PROMPT |
Starting with the line that holds "YETI Roadie 24", reproduce each line through the last one of the data, exactly as written. Pictures are not copied.

DATA BLOCK |
---

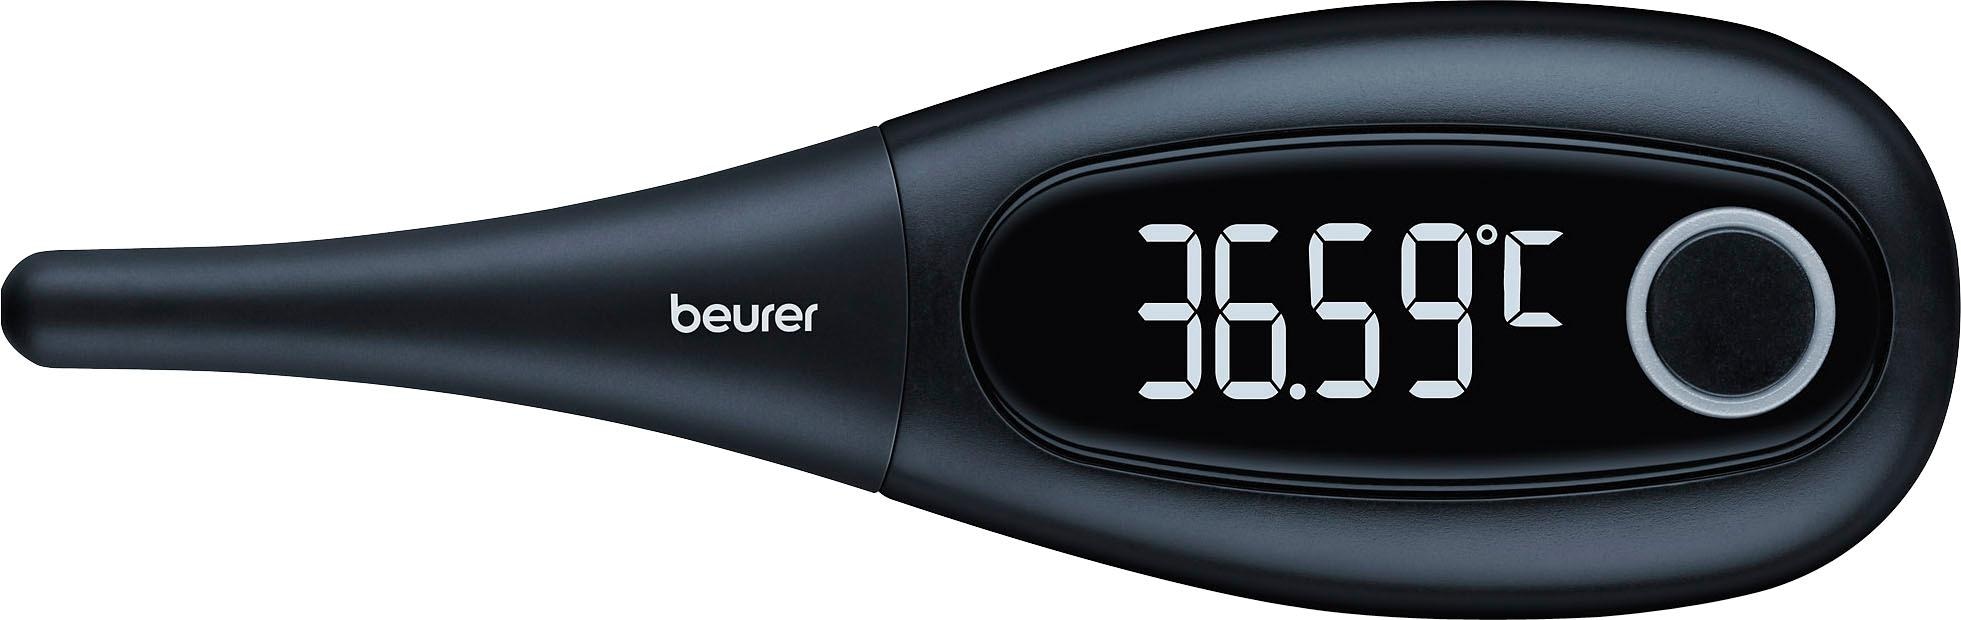 BEURER Fieberthermometer »OT 30 Basalthermometer«
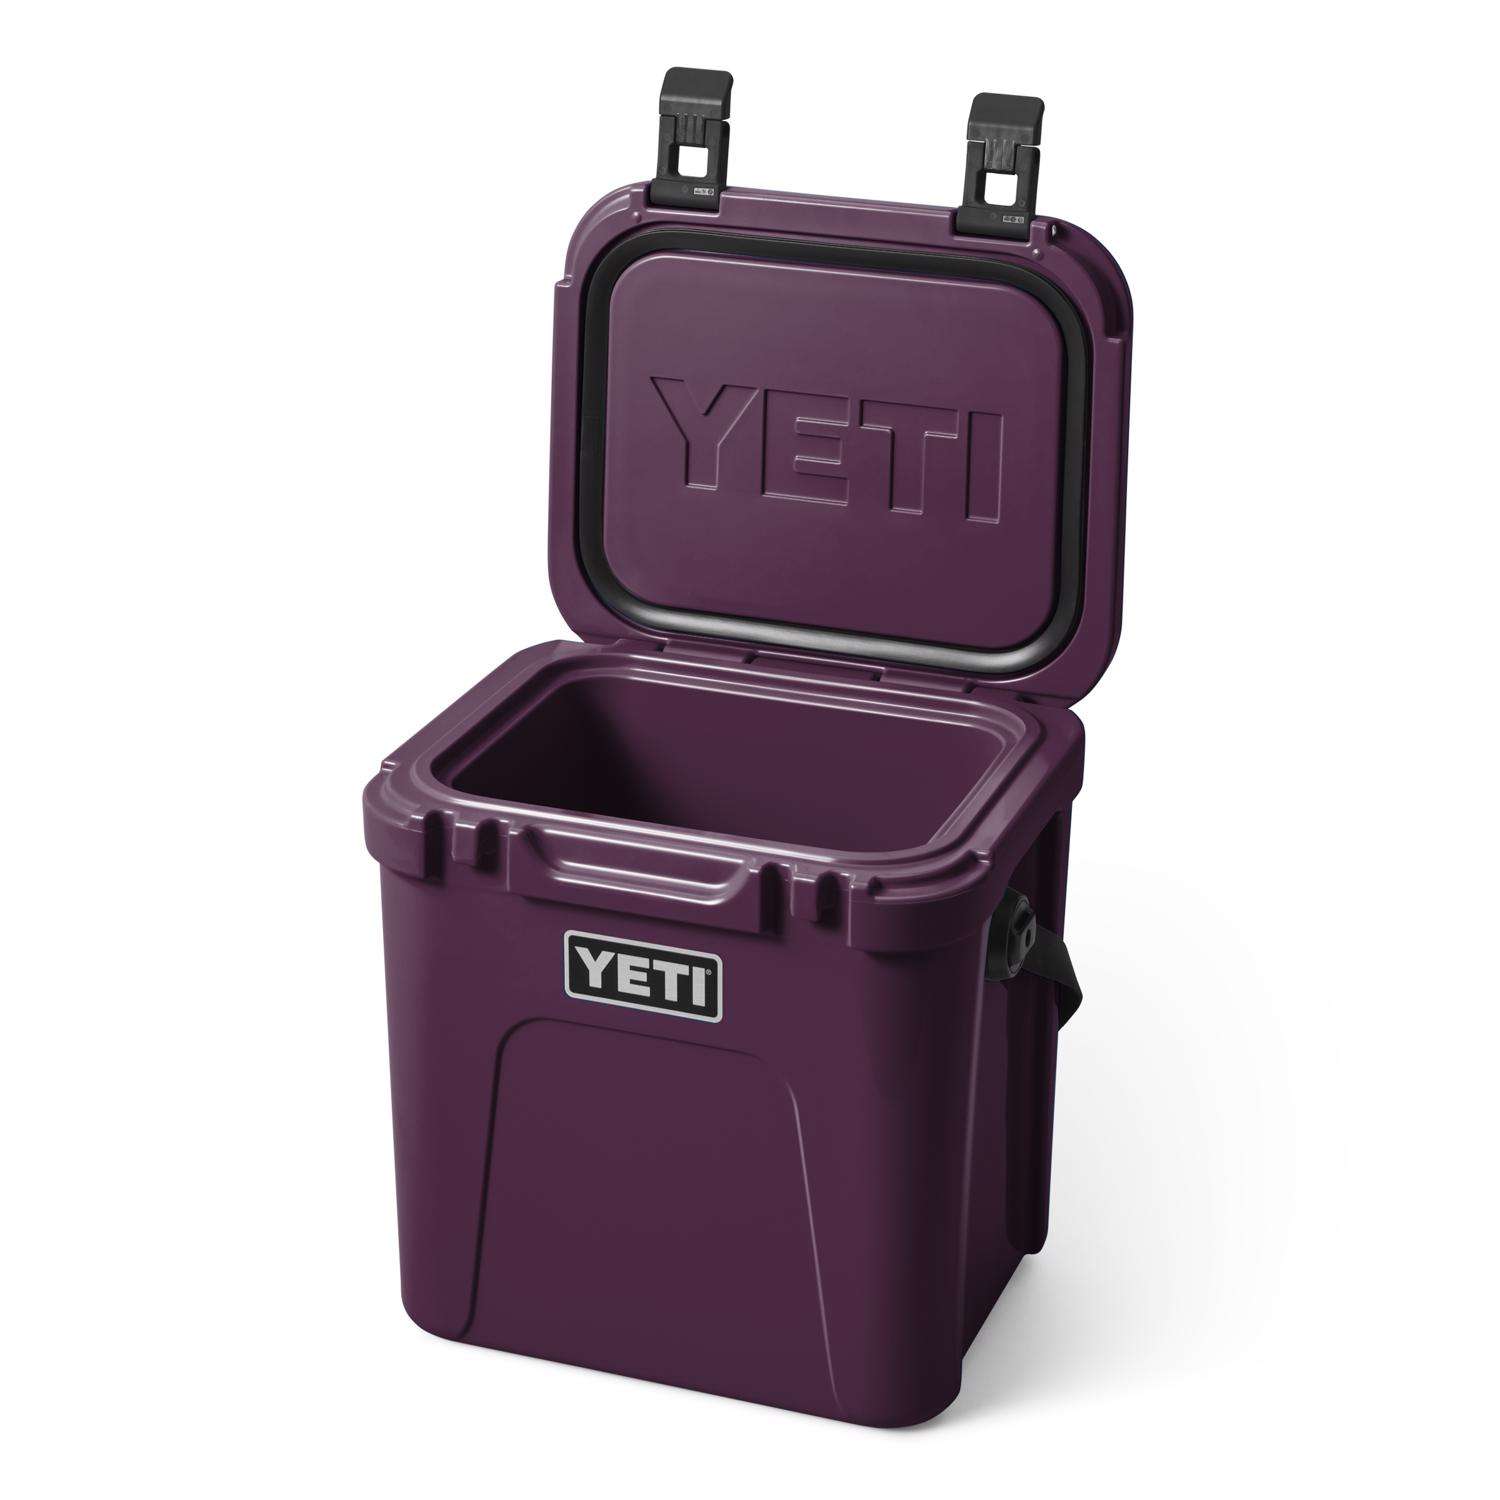 YETI Roadie 24 Hard Cooler -BIMINI PINK Limited Edition - New in Box
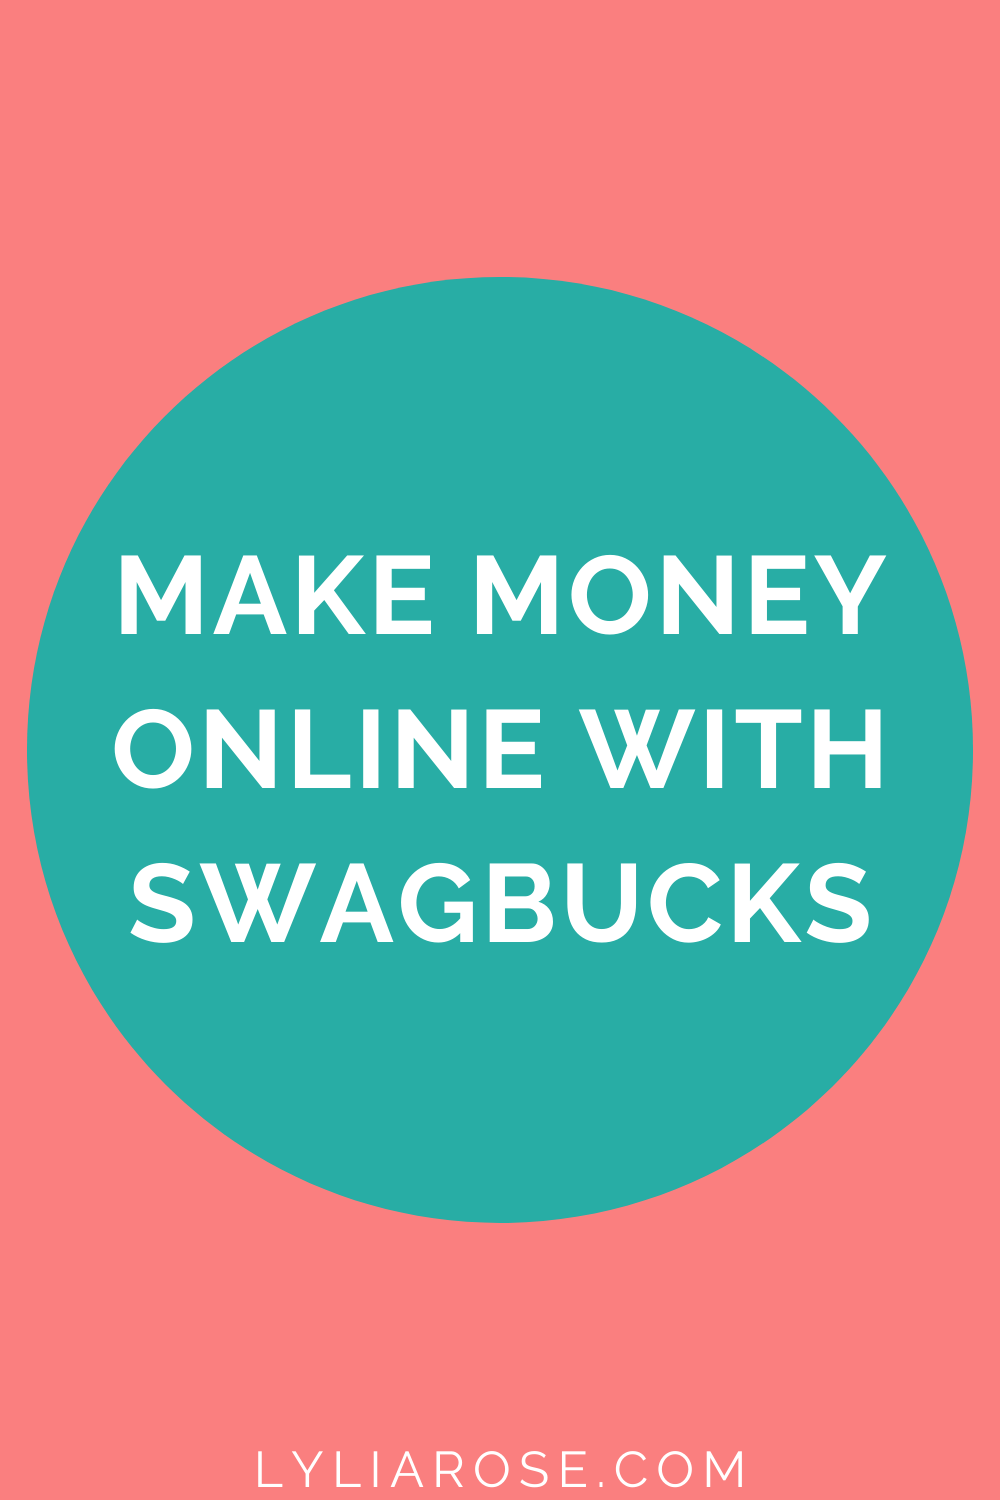 MAKE MONEY ONLINE WITH SWAGBUCKS

---

TASK RESPONSE |
 YETI Roadie 24 Hard Cooler -BIMINI PINK Limited Edition - New in Box
 MAKE MONEY ONLINE WITH SWAGBUCKS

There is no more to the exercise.